Re: [RFC PATCH 1/2] sched: Clean up SD_BALANCE_WAKE flags in sched domain build-up

From: Mike Galbraith
Date: Thu Jun 02 2016 - 01:50:32 EST


On Thu, 2016-06-02 at 04:03 +0800, Yuyang Du wrote:
> On Wed, Jun 01, 2016 at 11:36:39AM +0200, Mike Galbraith wrote:
> > > Yup. Up to this point, we don't have any disagreement. And I don't think we
> > > have any disagreement conceptually. What the next patch really does is:
> > >
> > > (1) we don't remove SD_BALANCE_WAKE as an important sched_domain flag, on
> > > the contrary, we strengthen it.
> > >
> > > (2) the semantic of SD_BALANCE_WAKE is currently represented by SD_WAKE_AFFINE,
> > > we actually remove this representation.
> >
> > Nope, those two have different meanings.

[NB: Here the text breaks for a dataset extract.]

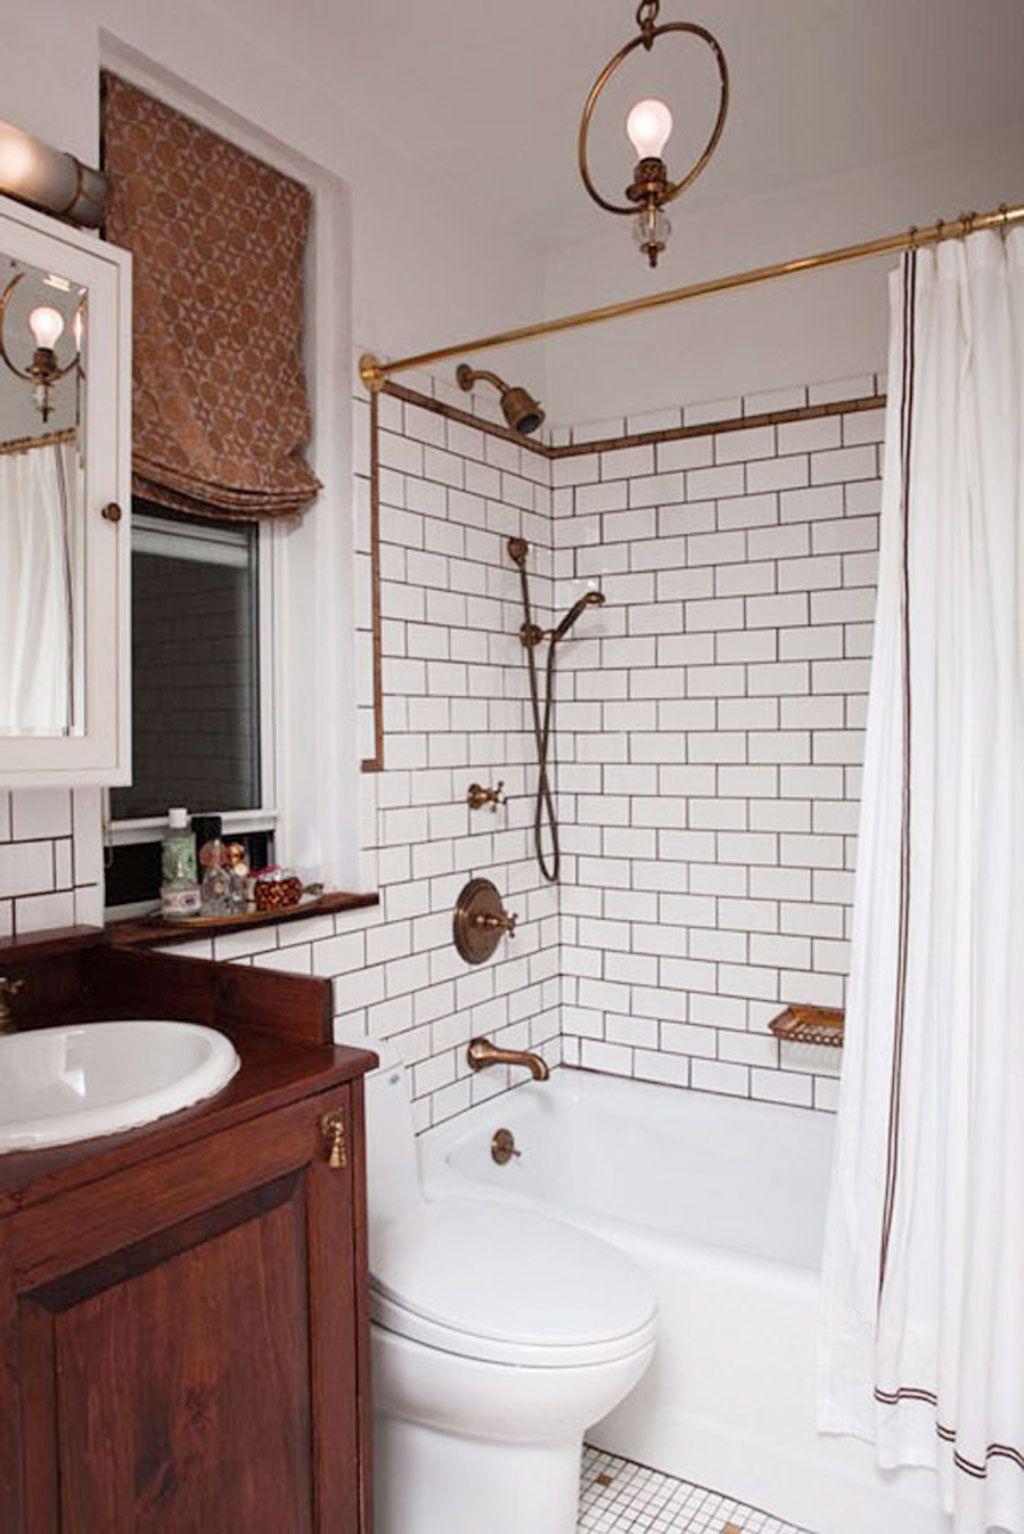 Bathrooms-remodel-ideas-for-small-bathrooms-015, Photo Bathrooms ...

We pass SD_BALANCE_WAKE to
> > identify a ttwu() wakeup, just as we pass SD_BALANCE_FORK to say we're
> > waking a child. SD_WAKE_AFFINE means exactly what it says, but is only
> > applicable to ttwu() wakeups.
>
> I don't disagree, but want to add that, SD_WAKE_AFFINE has no meaning that is so
> special and so important for anyone to use the flag to tune anything. If you want
> to do any SD_BALANCE_*, waker CPU is a valid candidate if allowed, that is it.

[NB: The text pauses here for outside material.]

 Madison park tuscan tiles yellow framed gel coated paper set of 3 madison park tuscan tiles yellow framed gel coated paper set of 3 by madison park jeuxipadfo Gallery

That flag lets the user specifically tell us that he doesn't want us to
bounce his tasks around the box, cache misses be damned. The user may
_know_ that say cross node migrations hurt his load more than help, and
not want us to do that, thus expresses himself by turning the flag off
at whatever level. People do that. You can force them to take other
measures, but why do that?

> IIUC your XXX mark and your comment "Prefer wake_affine over balance flags", you
> said the same thing: SD_WAKE_AFFINE should be part of SD_BALANCE_WAKE, and should
> be part of all SD_BALANCE_* flags,

Peter wrote that, but I don't read it the way you do. I read as if the
user wants the benefits of affine wakeups, he surely doesn't want us to
send the wakee off to god know where on every wakeup _instead_ of
waking affine, he wants to balance iff he can't have an affine wakeup.

> > > (3) regarding the semantic of SD_WAKE_AFFINE, it is really not about selecting
> > > waker CPU or about the fast path. Conceptually, it is just saying the waker
> > > CPU is a valid and important candidate if SD_BALANCE_WAKE, which is just so
> > > obvious, so I don't think it deserves to be a separate sched_domain flag.
> >
> > SD_WAKE_AFFINE being a separate domain flag, the user can turn it
> > on/off... separately :)
>
> Sure, that is very true, :) But turning it off for what, that is a big question mark.
> We don't want a flag unless the flag is for goodness, and not a flag with big question
> mark.

It has a good excuse to exist.

> > > (4) the outcome is, if SD_BALANCE_WAKE, we definitely will/should try waker CPU,
> > > and if !SD_BALANCE_WAKE, we don't try waker CPU. So nothing functional is
> > > changed.
> >
> > If wake_wide() says we do not want an affine wakeup, but you apply
> > SD_WAKE_AFFINE meaning to SD_BALANCE_WAKE and turn it on in ->flags,
> > we'll give the user a free sample of full balance cost, no?
>
> Yes, and otherwise we don't select anything? That is just bad engough whether worse
> or not. So the whole fuss I made is really that this is a right thing to start with. :)

Nope, leaving tasks where they were is not a bad thing. Lots of stuff
likes the scheduler best when it leaves them the hell alone :) That
works out well all around, balance cycles are spent in userspace
instead, scheduler produces wins by doing nothing, perfect.

-Mike